So some people buy special traps for English sparrows. Too small for purple martins, the traps have holes that allow the English sparrow to enter. But it's a death trap, once inside he can't get out. Without food, water, and fresh air, the sparrow quickly dies.

Do you ever feel unloved like the common English sparrow? Yet, the Bible says that even when the sparrow falls, God sees him.

Are not two sparrows sold for a penny? Yet not one of them will fall to the ground apart from the will of your father. Matthew 10:29 NIV

During those times when you feel common, ordinary, unimportant, and unloved, God sees you too. In fact, he saw you before you were even born.

Jesus knew what it was like to be unloved. In Isaiah 53:3 we read that Jesus was despised and rejected by men. Do you ever feel despised, rejected, and unloved? If so be encouraged: Jesus chose to identify with you.

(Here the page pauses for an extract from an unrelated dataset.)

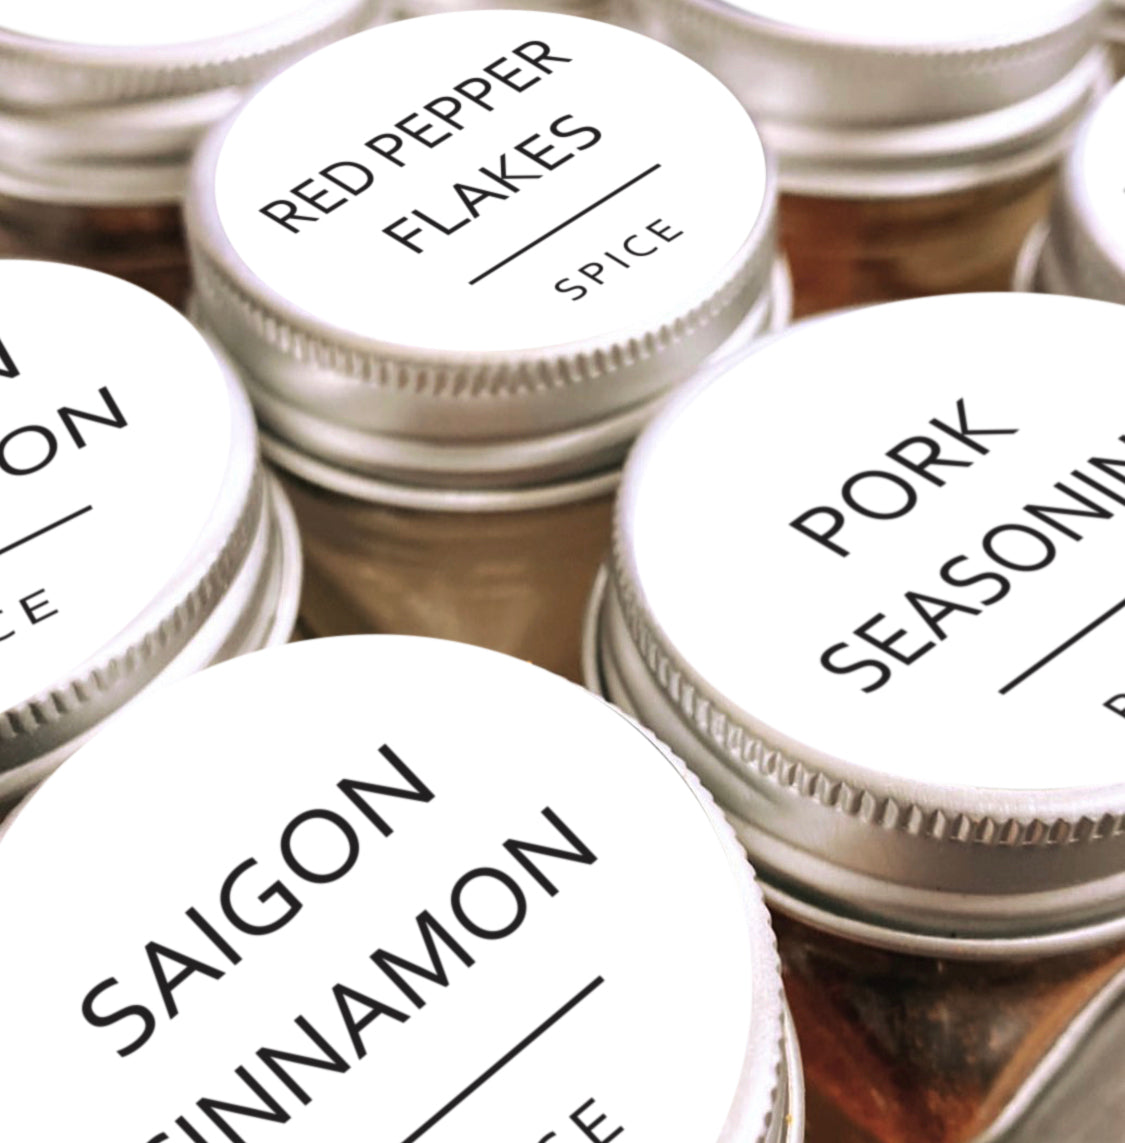 Talented Kitchen 145 Preprinted Spice Jar Labels With Seasoning

However, have there been times when you deserved to be despised and rejected? Maybe you've been rotten like the English sparrow. You've been spiteful and hateful. You've been unkind to your neighbor. None of that was hidden from God. God sees everything. He knows about every sin you've ever committed. Could Jesus love someone like you? Do you have anything to offer Jesus to make him love you?

People are sad when the cat catches the goldfinch at the backyard feeder, but how many people mourn when the cat catches the sparrow? The goldfinch is a beautiful bird, but the sparrow is plain, common, ordinary, and sometimes vicious. By comparison, he has nothing to offer to make us love him and mourn for him.

People are delighted when the bluebird finds one of their birdhouses, but they are enraged when an English sparrow takes over and kicks out the bluebirds. Bluebirds are colorful and pleasant, but English sparrows are common, ordinary, and destructive.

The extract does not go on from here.